Growing up in Toronto during the late 1970s, early 1980s was challenging.
As a child I had no idea about religious or cultural segregation, and while I was attending St. Nicholas elementary school we were a very diverse group. My fellow kindergartners included kids from so many different countries we looked like members of the United Nations.
But we never understood that we were not supposed to get along; we had no idea how racism worked, we just saw each other as friends, as we all played happily together.
I quickly learned that senior kindergarten was a fallacy and that the real world doesn’t operate like SK.
I received my official first beating in the summer after I finished my first year of SK and was going into Grade 1. I was walking on Rogers Road, just before Gilbert Avenue, when two older boys decided to have fun and trip me while I was coming out of LC video.
I remember the first child asking me if I had a problem with something. I said ‘no’ and tried to walk away – when the second kid tripped me again.
‘Well it looks like you don’t know how to walk,’ the first child laughed out.
This is where and when I got my beating. They slapped, rather than punched, and they scratched me more than anything. But the thing that hurt me the most was when they stamped my face with an ink stamp; the stamp just said PAID. What a stupid thing to stamp a kid’s face with.
But hey, I wasn’t going to criticize them on their style of beating. Mike from Mike’s Barber Shop came out and saved me. The two kids walked away laughing and calling out that they would get me, and as they were walking away one called me a ‘stupid wop’.

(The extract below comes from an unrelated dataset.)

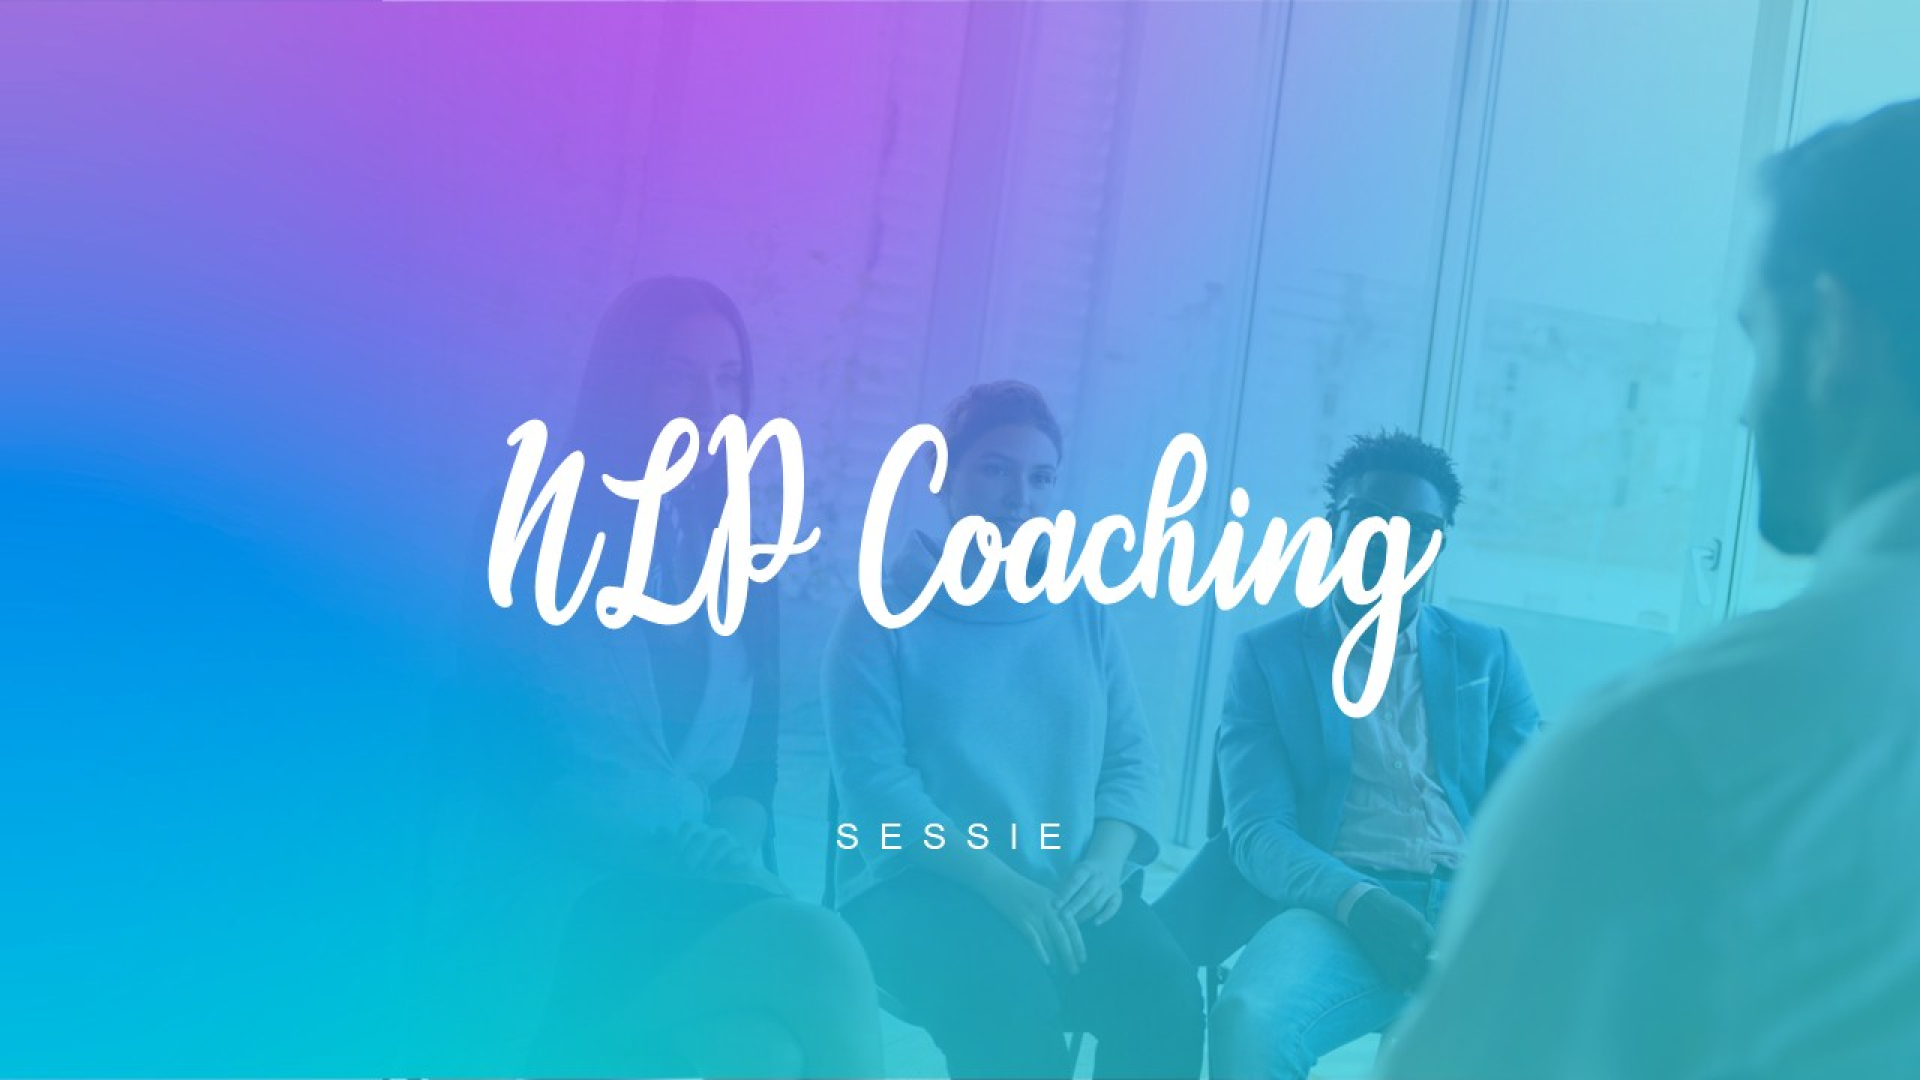 NLP coaching sessie
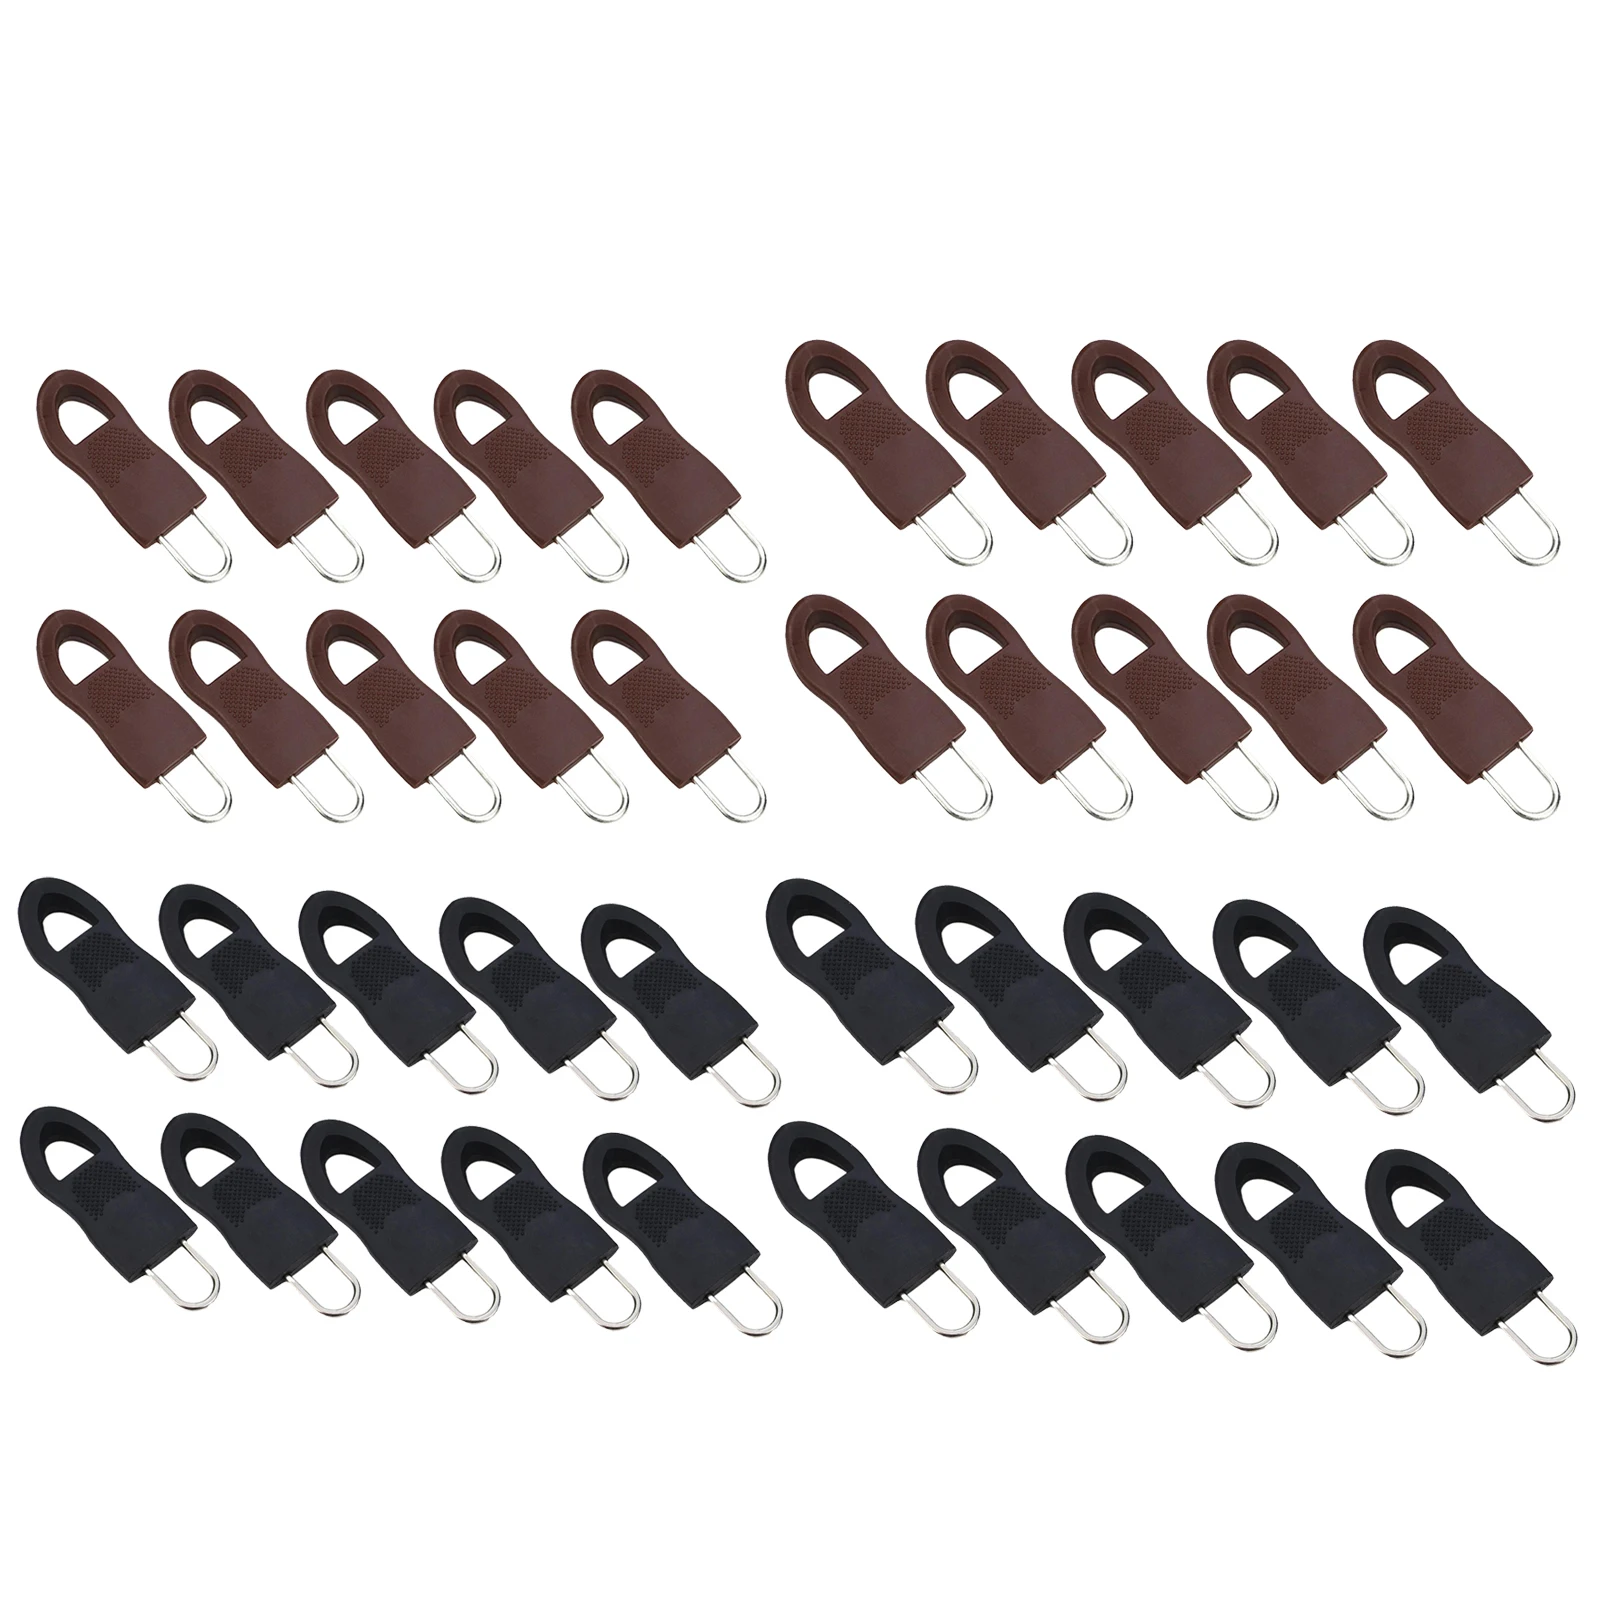 10Pcs Detachable Zip Fixer Replacement Zipper Tags Repair Pull Tab, Universal Detachable Zipper Puller Set

I had no idea about racism before this day, but when I got home I started asking questions like ‘what’s a wop’ and ‘why am I stupid’ and ‘why did I just get a beating for no reason’?
Being the younger brother of a guy nicknamed ‘The Tank’ has its perks, and word travelled quickly about my beating. Within no time The Tank found out who it was.
The Tank would not allow me to wash my face; he vowed that the two punks would lick it off me.
‘They hate you because you’re different, they hate you because mom and dad can’t speak English, they hate us because that’s just how it’s supposed to be.’
The Tank had a special way with words, but it wasn’t his fault. He had already gone through what I went through years ago, and it made him tough and it made him hate.
Hate was what divided our community. I started hanging out with only Italian kids and Asian kids hung out with only Asian kids, and white kids only stayed with white kids.
I put the beating I got behind me. I ended up making friends with the UN again, we all hung out on Gilbert Avenue and we all got along just fine.
For people reading this that grew up in the Rogers Road area, you will remember we had some tough times in our neighbourhood. But most of us turned out fine. Growing up, I was called every name in the book from ‘fag’ to ‘wop’ to ‘hey, go back where you belong’.
But none of it ever bothered me; the racists did their worst and I made it. Words can’t kill me and I have kept this policy up to this date. So when I get racist comments slung at me they just bounce right off. Slaps, scratches and stamps might scar me but names will never hurt me.